--- Provided material ---

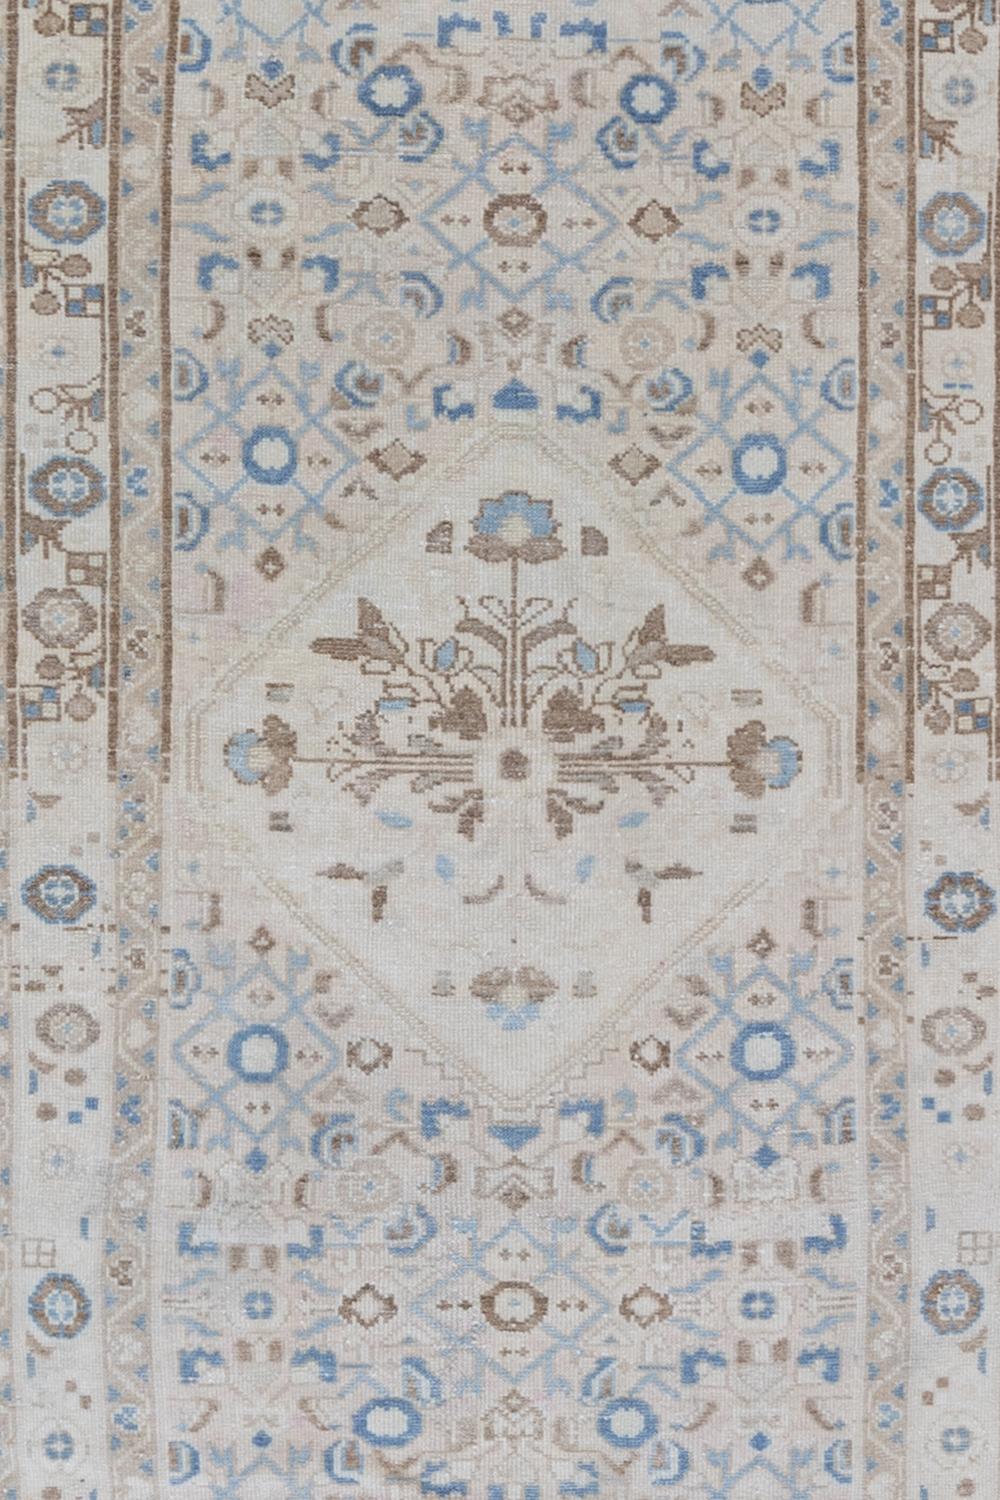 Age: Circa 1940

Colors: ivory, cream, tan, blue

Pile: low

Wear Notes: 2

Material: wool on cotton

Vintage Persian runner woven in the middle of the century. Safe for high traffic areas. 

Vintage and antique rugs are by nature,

---

*What you have to do:*
Please let your answer be exactly the lines from the one holding "Colors: ivory, cream, tan, blue" through the last line of the entries above, both ends included.

*Exercise result:*
Colors: ivory, cream, tan, blue

Pile: low

Wear Notes: 2

Material: wool on cotton

Vintage Persian runner woven in the middle of the century. Safe for high traffic areas. 

Vintage and antique rugs are by nature,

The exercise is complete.